Ambiguity from Easter Island:
I occasionally cite the population history of Easter Island as an example of an isolated population that gets too big and then collapses. There was even a nice graph of the time course. (Chapter 2 Terry L. Hunt and Carl P. Lipo ”Ecological Catastrophe, Collapse, and the Myth of “Ecocide” on Rapa Nui,” Questioning Collapse, Cambridge University Press, Cambridge 2010)
Alas for rhetorical impact, the time scale is off by about a factor of two, so I have been obliged to do a little hand waving and insist that the occupants of that island were not in fact a randomly mating community and anyway it is likely, but not clear, that the population never actually reached lethal levels.

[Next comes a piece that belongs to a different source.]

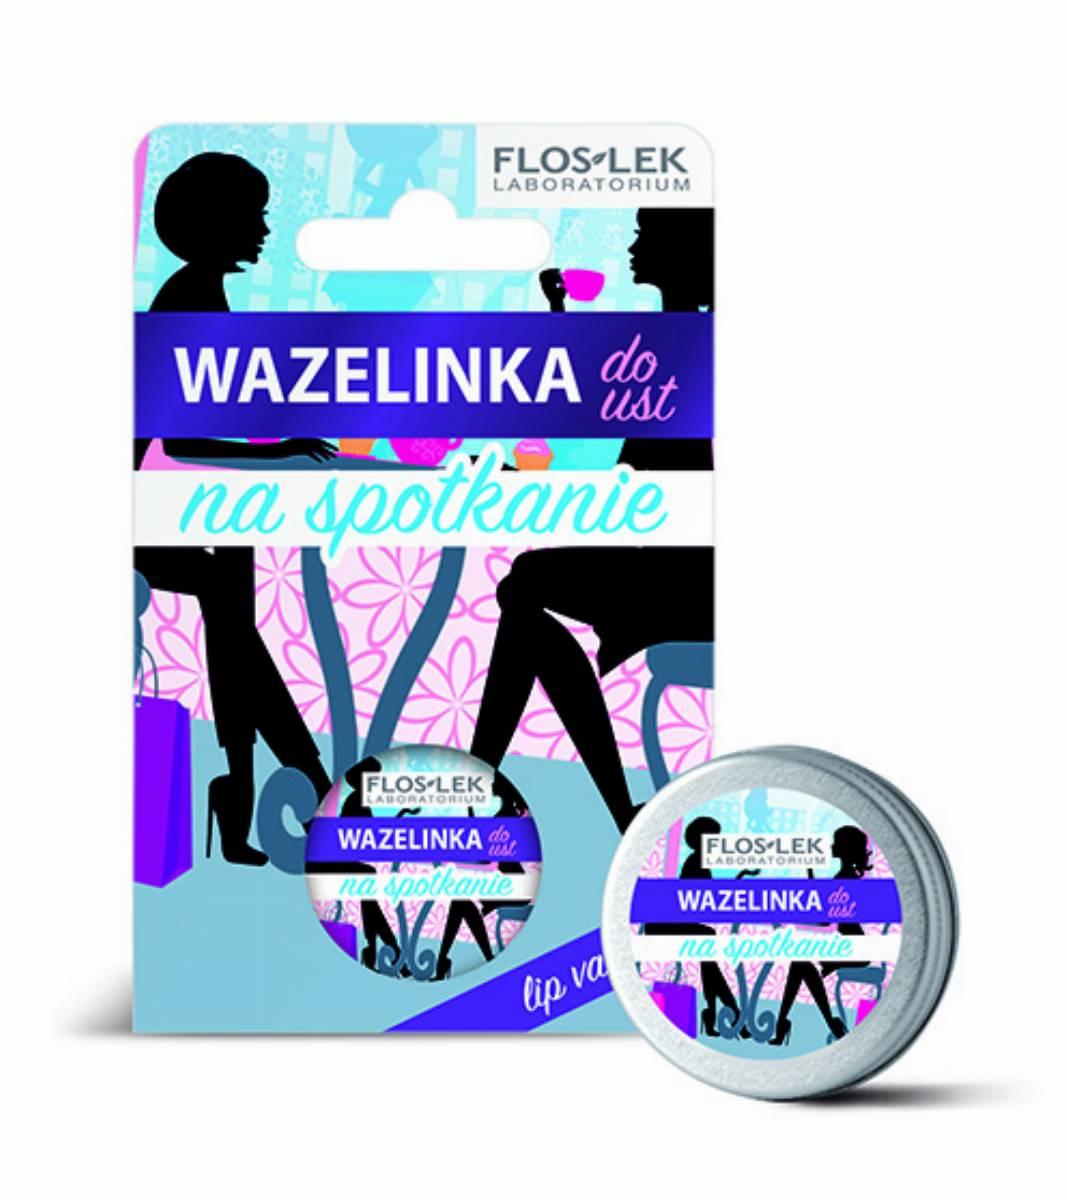 wazeliny_spotkanie-small
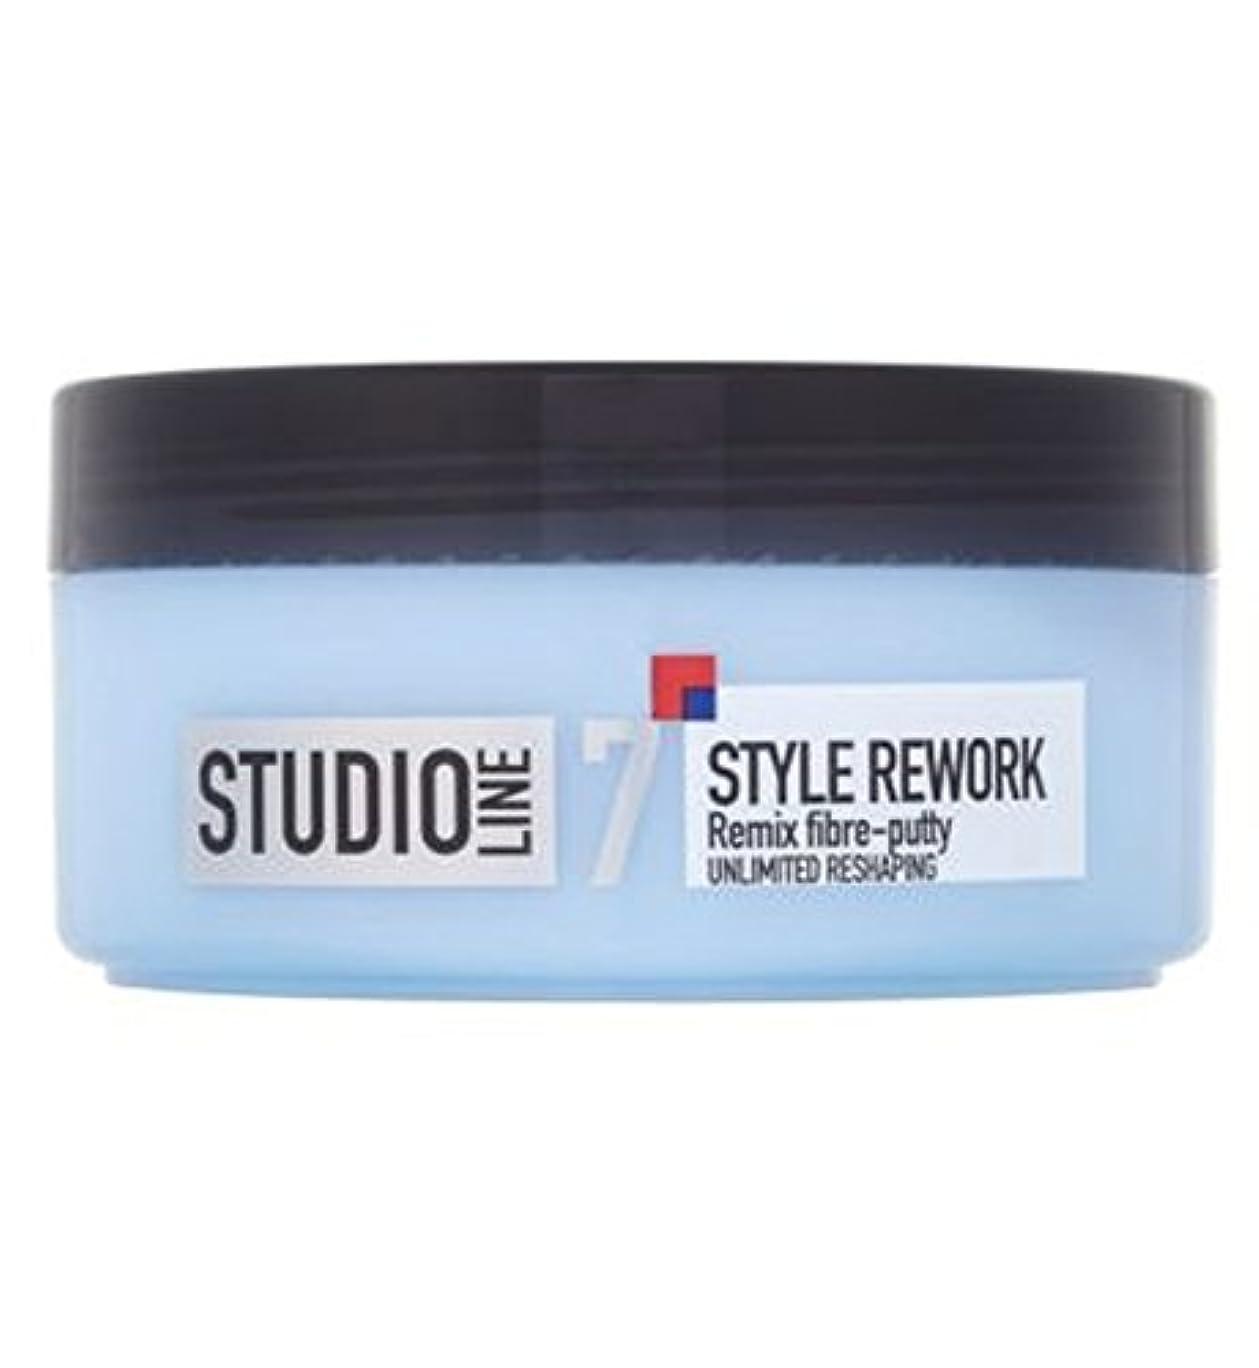 例外ワークショップ同級生L'Oreallスタジオラインスタイルリワークリミックス繊維パテ150ミリリットル (L'Oreal) (x2) - L'Oreall Studio Line Style Rework Remix Fibre-Putty...

Now (Terry L. Hunt Easter Island’s Complex History NATURE vol. 479 no. 7371 November 3, 2011 page 41) it is suggested that the island was settled later than had been thought, never had a population collapse before Europeans even though the graph I cite shows one and then a second one starting, and that building statues prevented mass violence. I suspect they had their violence, but I have no new data on that. And I have the suspicion that the statues were not a means of staving off violent interactions but of staving off more tender and dangerous interactions. They identified families and kept the total size of the mating pools viable.
So I think, but now given that there is serious debate about just what was going on, the use of Easter Island as an example is seriously compromised. The logic will have to go away. Once more people understand about kinship and fertility they can apply it to that location.